By clicking “Sign up for GitHub”, you agree to our terms of service and privacy statement. We’ll occasionally send you account related emails.

Already on GitHub? Sign in to your account

cargo vet certify unnecessarily reformats config.toml #589

Open
anforowicz opened this issue Jan 25, 2024 · 10 comments
Open

cargo vet certify unnecessarily reformats config.toml #589

anforowicz opened this issue Jan 25, 2024 · 10 comments

Comments

@anforowicz
Copy link
Contributor

In my project the supply-chain/config.toml file is auto-generated from project-specific metadata by a tool (*). The file has a copyright header and some other headers like # @generated by tools/crates/gnrt vendor. Do not edit.. These headers are clobbered by some cargo vet commands.

I understand that cargo vet fmt will reformat all the files, including config.toml. OTOH, IMO cargo vet certify ... should only write to audits.toml and should leave config.toml unchanged. Is that a reasonable expectation?


(*) We use the gnrt tool to mapping project-specific categorization of crates into cargo vet requirements like:

[policy."autocfg:1.1.0"]                                               
criteria = ["does-not-implement-crypto", "safe-to-deploy", "ub-risk-2"]
@bholley
Copy link
Collaborator

bholley commented Jan 25, 2024

This seems reasonable at first glance. Certain certifications can necessitate changes in config.toml, but I think activating them entails prune? @mystor WDYT?

@mystor
Copy link
Collaborator

mystor commented Jan 26, 2024

cargo vet certify can cause changes to config.toml. For example, a new certify call will remove now-unnecessary exemptions for the crate which was just certified. This happens automatically for the crate which was certified in order to keep the tree relatively clean even without a manual prune call.

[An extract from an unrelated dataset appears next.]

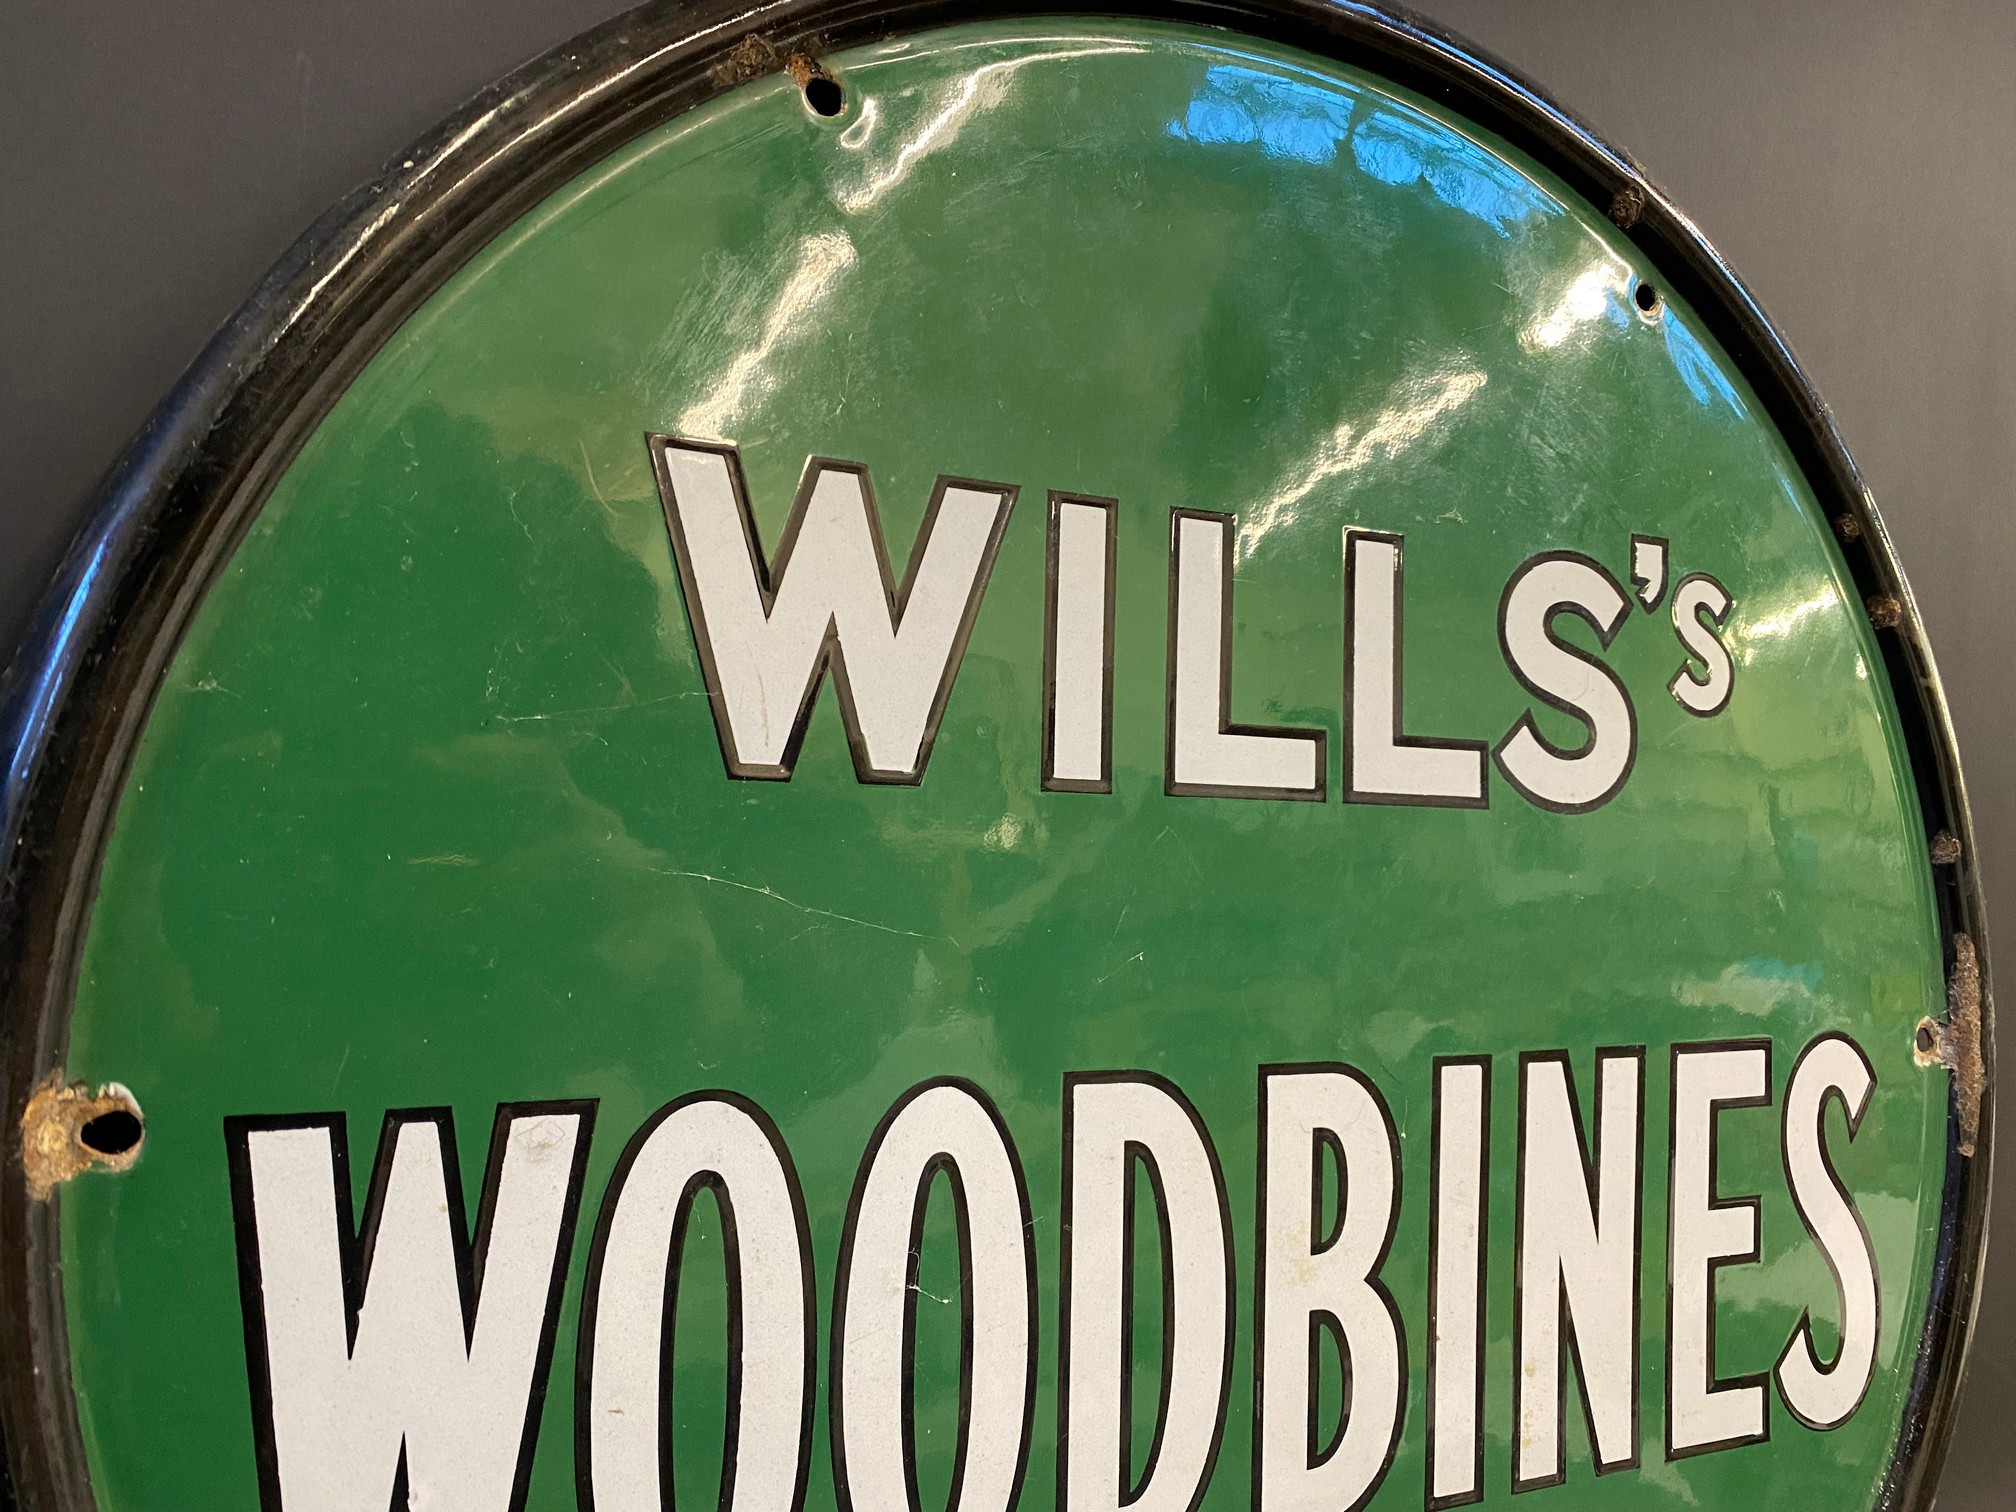 A Wills's Woodbines circular enamel sign in good condition, with a nice gloss, 18" diameter. - Image 2 of 4

In general, all cargo vet commands which load the store also reformat it, even if there are no other changes to the store. When running with --locked, the cargo vet subcommand will actually fail if the formatting of the store doesn't match the formatting which would be generated.

@anforowicz
Copy link
Contributor Author

Would it be possible to somehow split config.toml into 1) cargo vet-maintained/reformattable part and 2) human-authored part (in our case - with crate-specific, project-specific, separately-generated criteria = ... entries - an example can be found in the original issue report/comment above)? (Just trying to brainstorm a way forward here.)

@anforowicz
Copy link
Contributor Author

Hmmm... I guess one other alternative may be to modify our tooling (i.e. gnrt) so that it won't generate config.toml from scratch (using handlebars + a .hbs template) but instead will read/parse the existing config.toml, make its modifications, and then save config.toml again.

@anforowicz
Copy link
Contributor Author

/cc @danakj

@anforowicz
Copy link
Contributor Author

anforowicz commented Mar 13, 2024

When running with --locked, the cargo vet subcommand will actually fail if the formatting of the store doesn't match the formatting which would be generated.

This seems rather undesirable. I see no harm in having a "@generated by tools/crates/gnrt vendor. Do not edit. " comment at the top. As-is, I have to take out this comment (and a few other comments) to enable running cargo vet in --locked mode (for presubmit/CI which probably should be somewhat hermetic and therefore needs --locked).

cargo vet certify can cause changes to config.toml.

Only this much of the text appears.